▶ _Task to carry out_
Print out every line of the material exactly. Include no pictures.

▶ _Dataset extract_
Segment Open
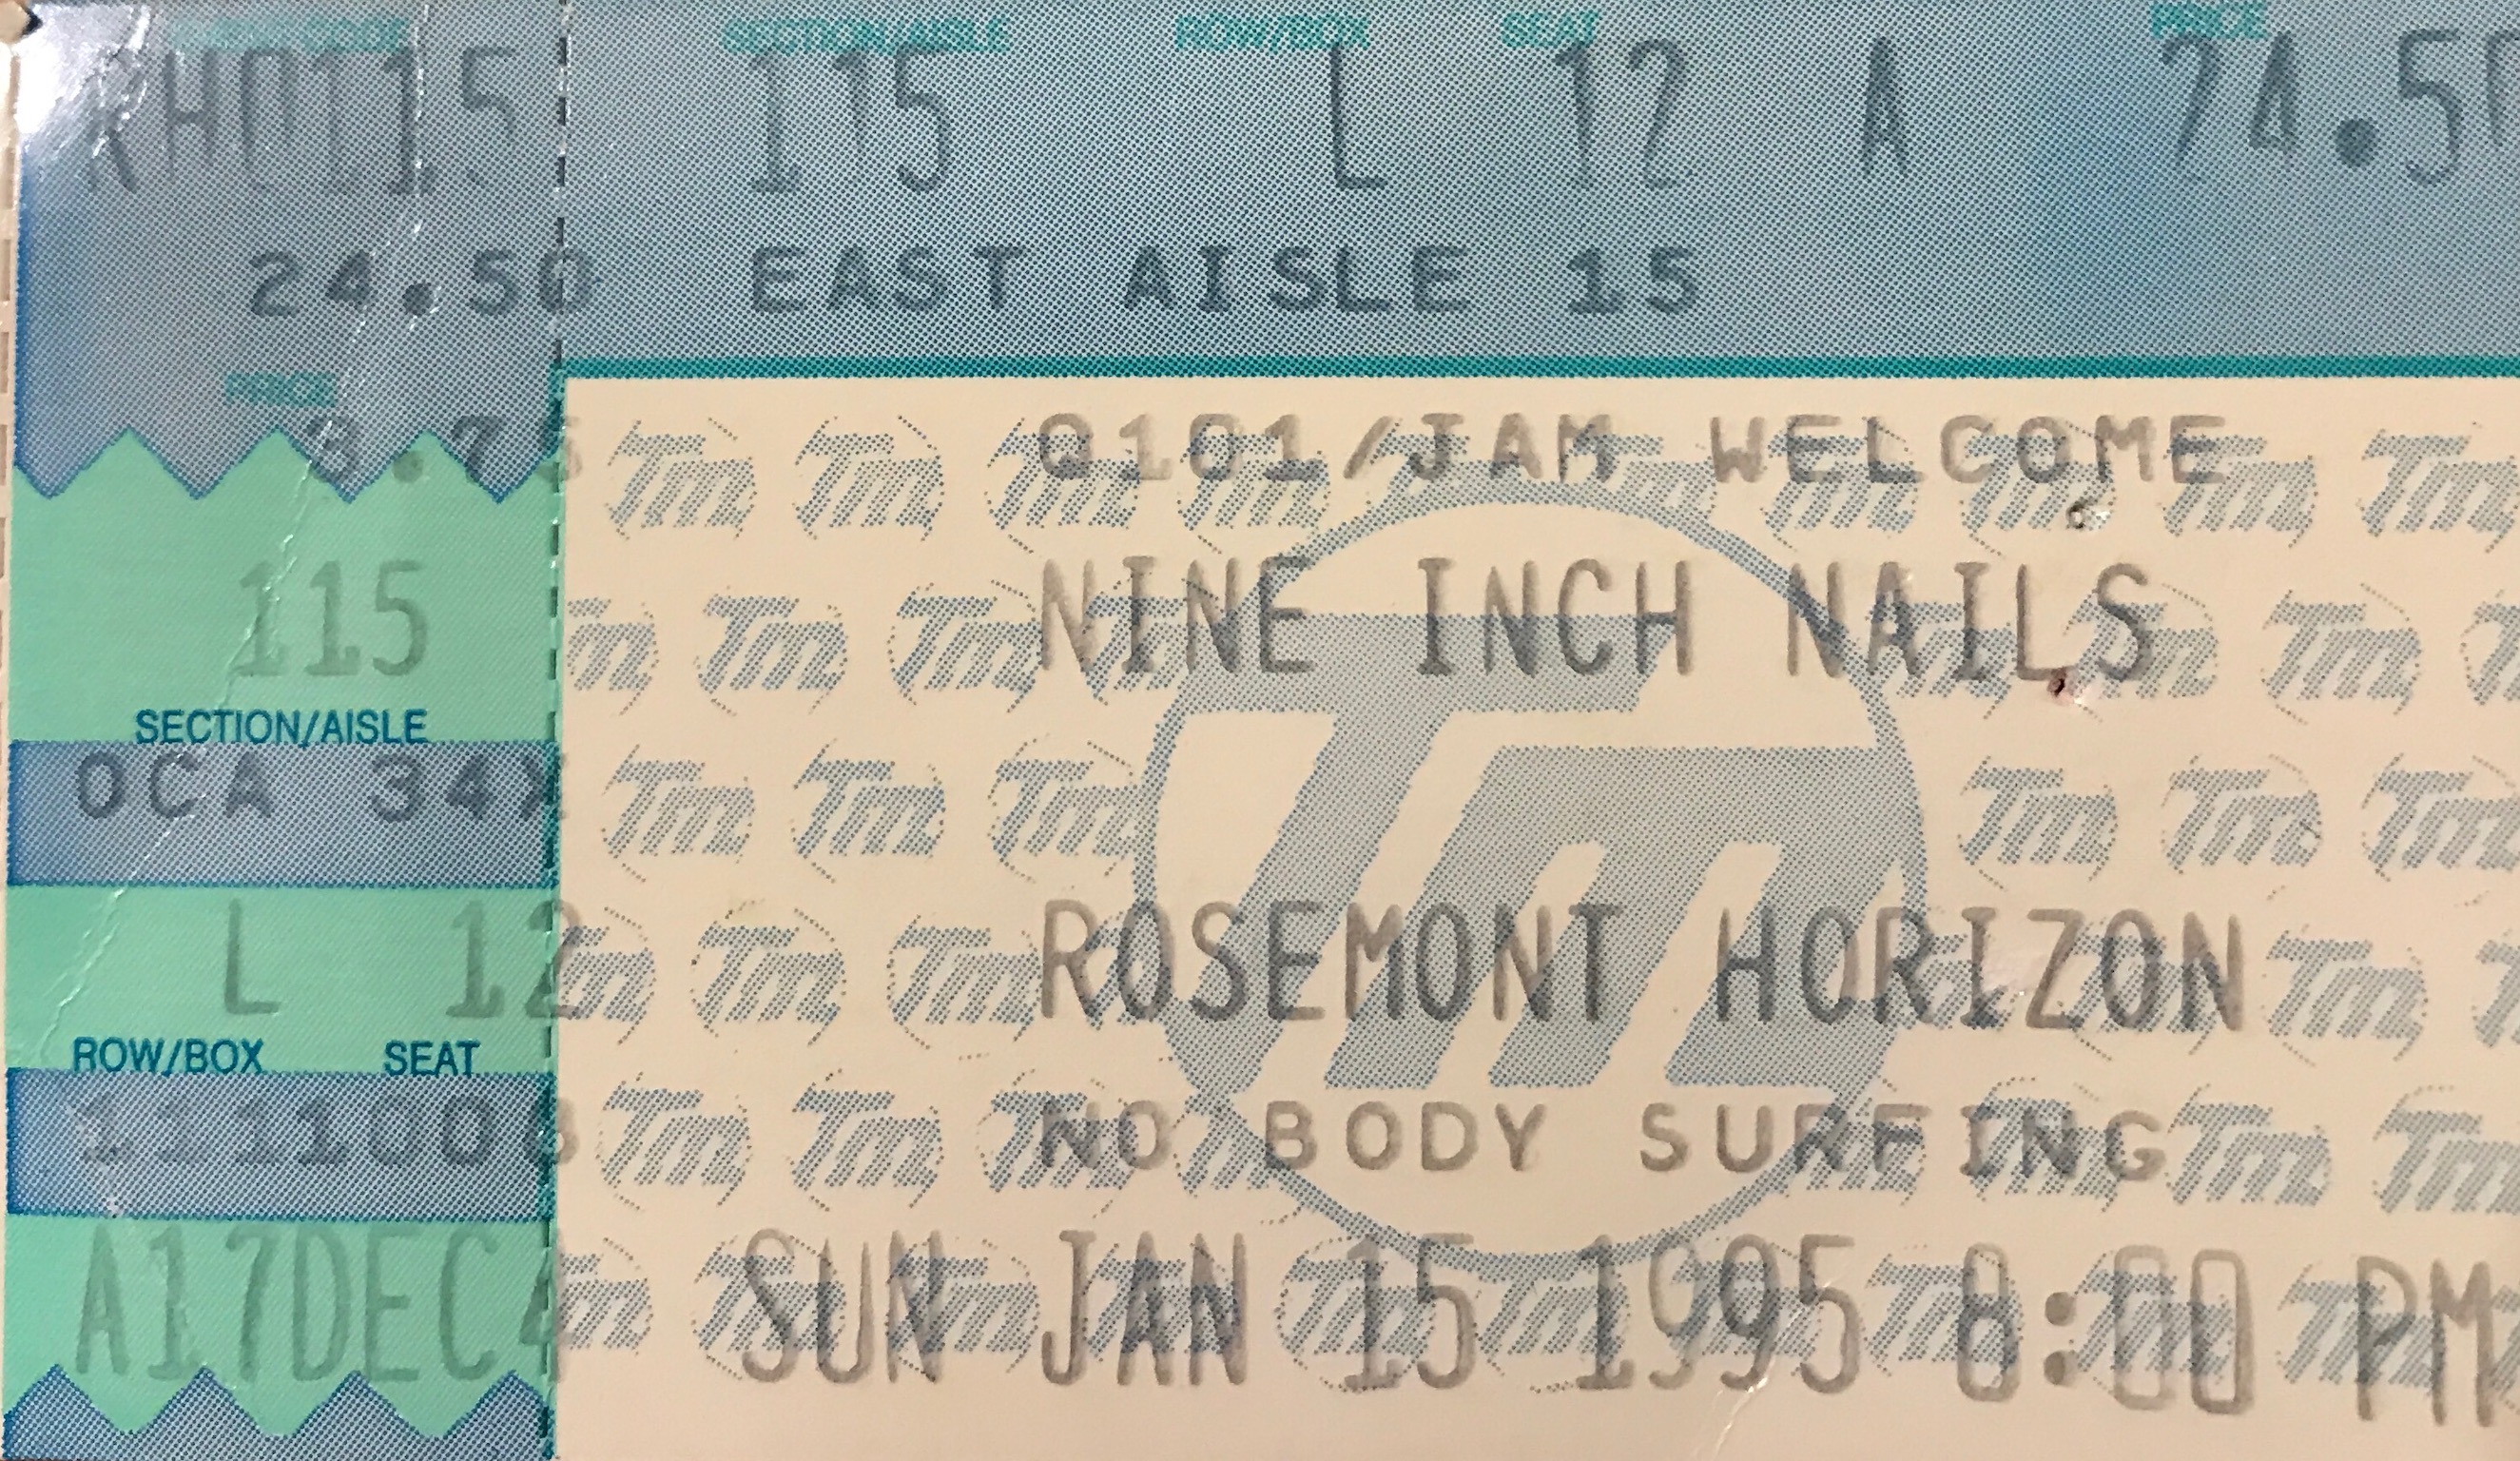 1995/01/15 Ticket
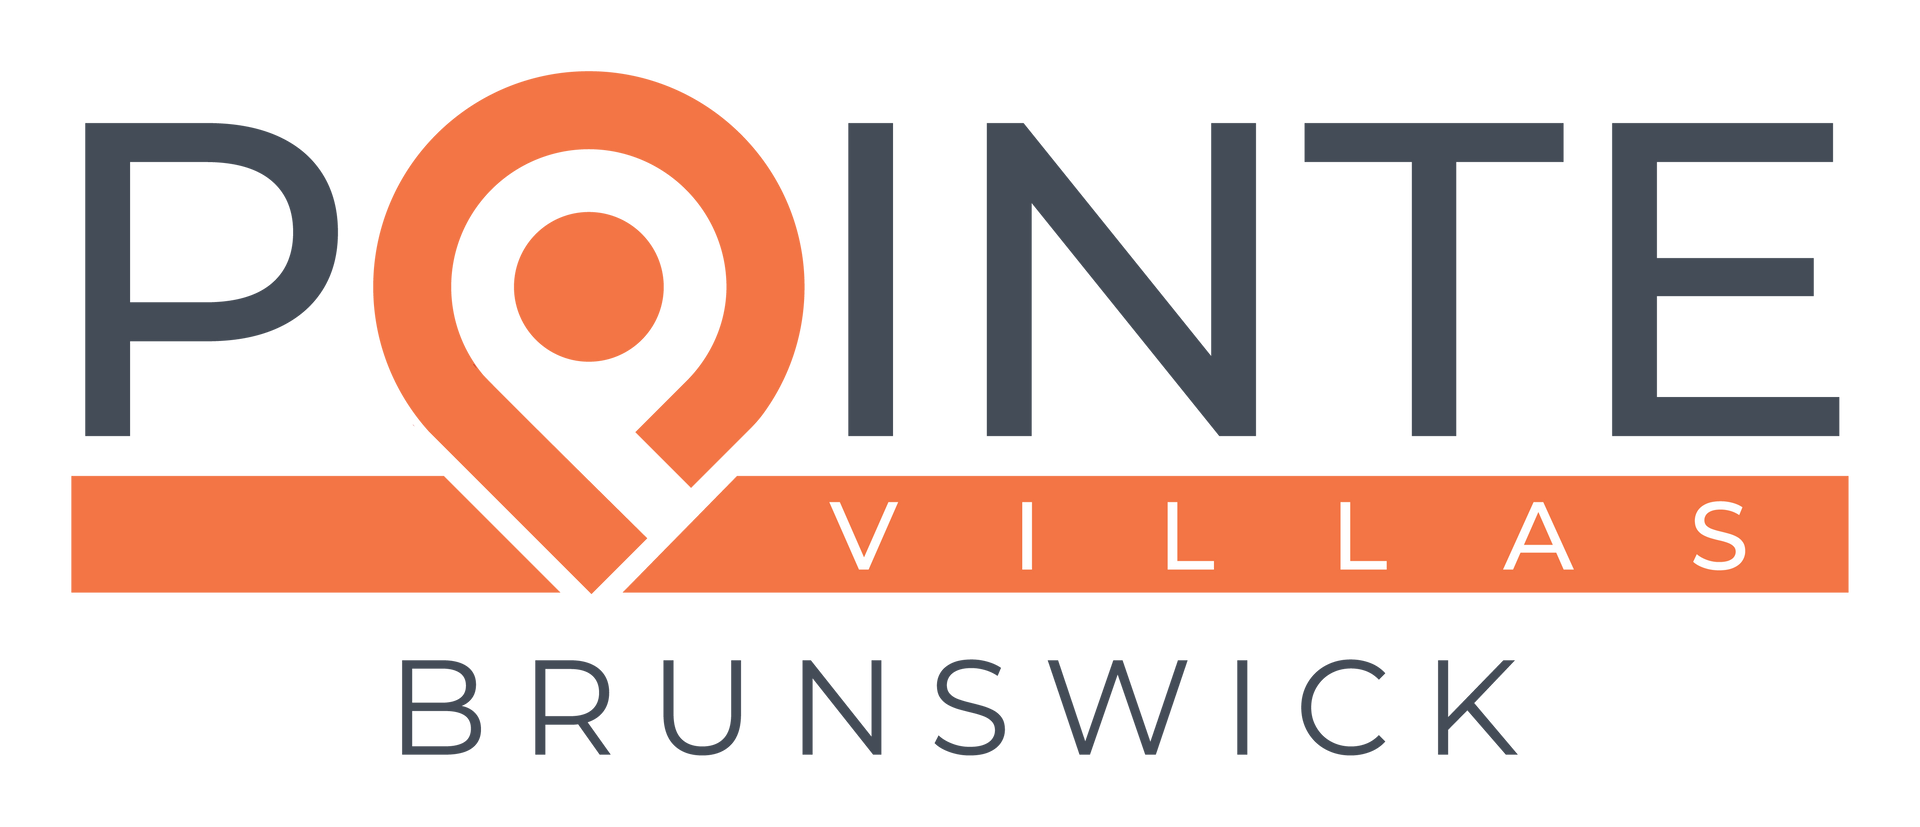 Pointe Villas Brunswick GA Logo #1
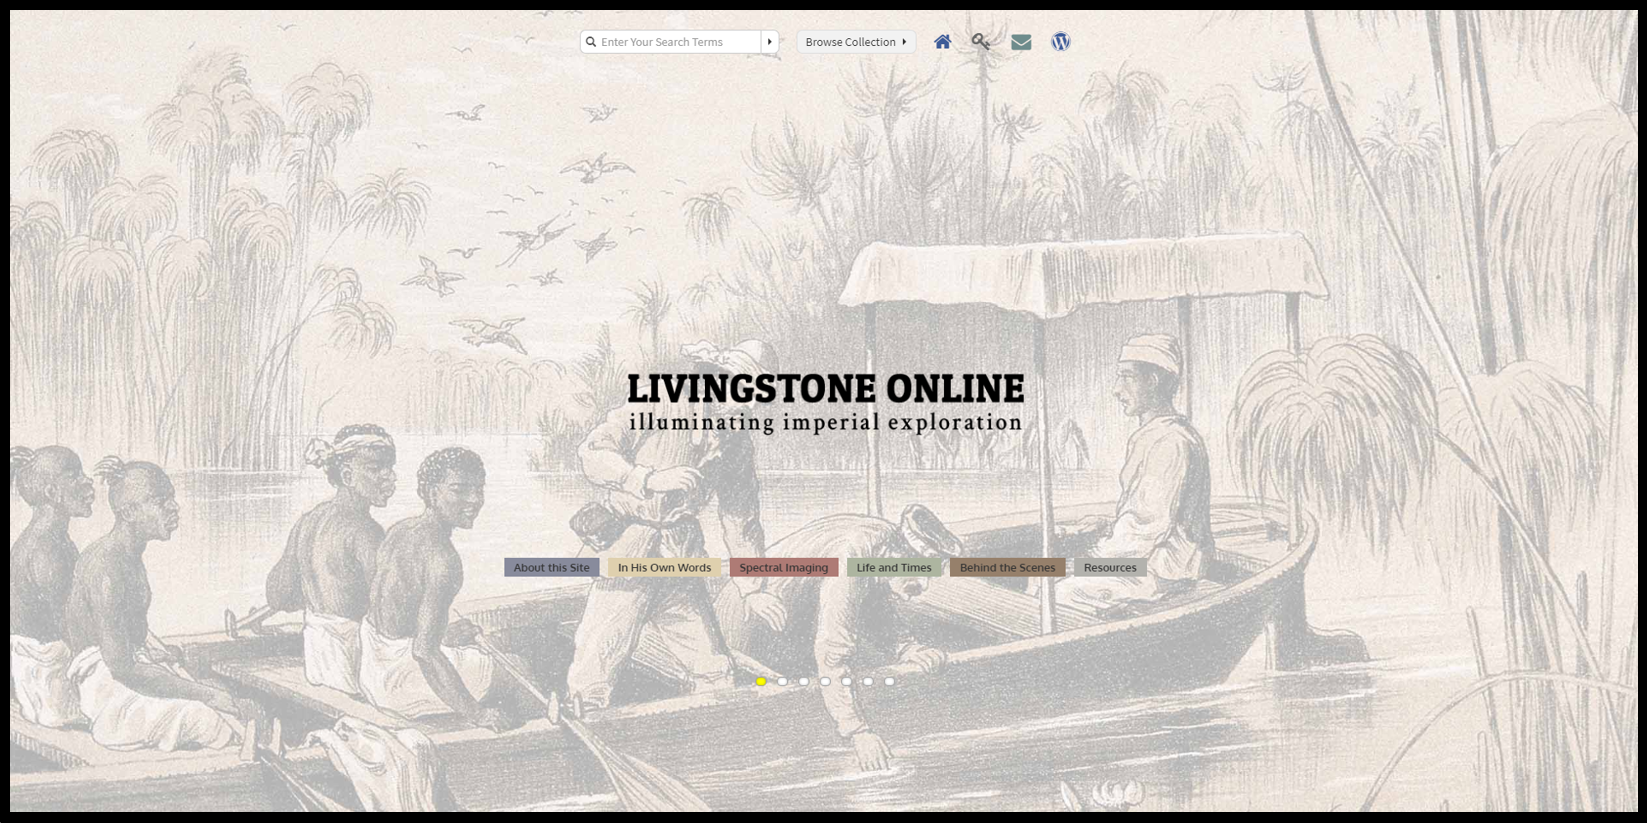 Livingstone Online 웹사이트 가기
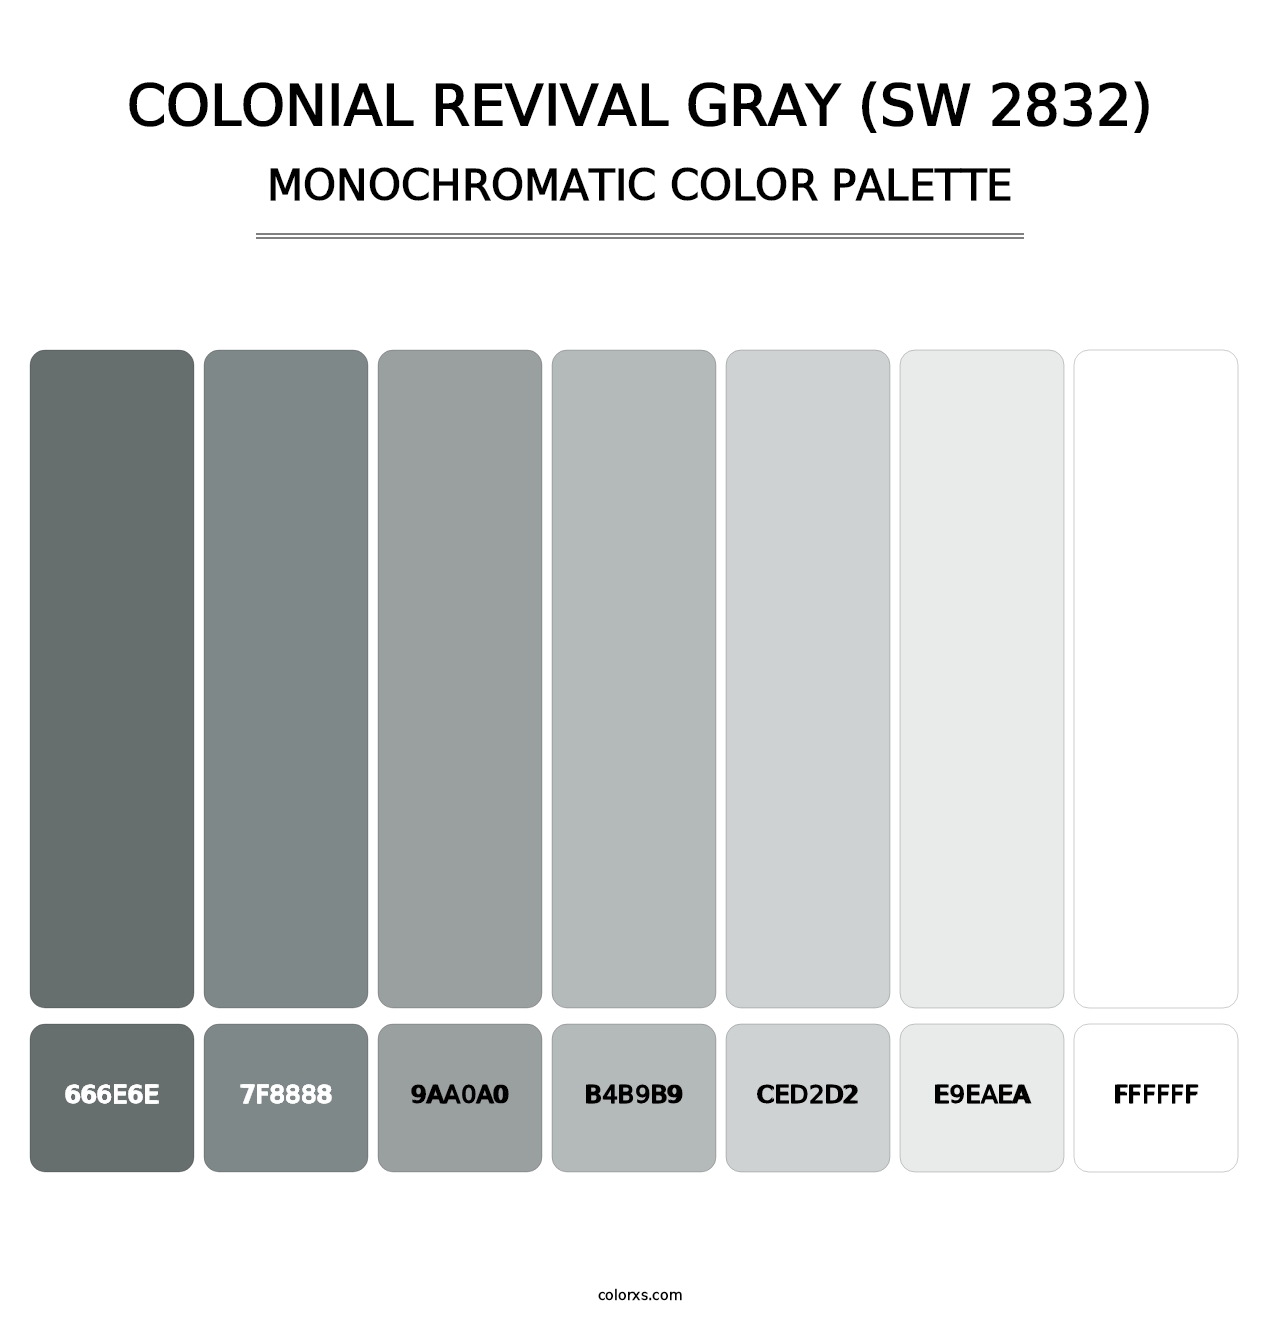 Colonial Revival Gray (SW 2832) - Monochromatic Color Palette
Segment Closed
▶ _Response box_
 1995/01/15 Ticket
 Pointe Villas Brunswick GA Logo #1
 Livingstone Online 웹사이트 가기
 Colonial Revival Gray (SW 2832) - Monochromatic Color Palette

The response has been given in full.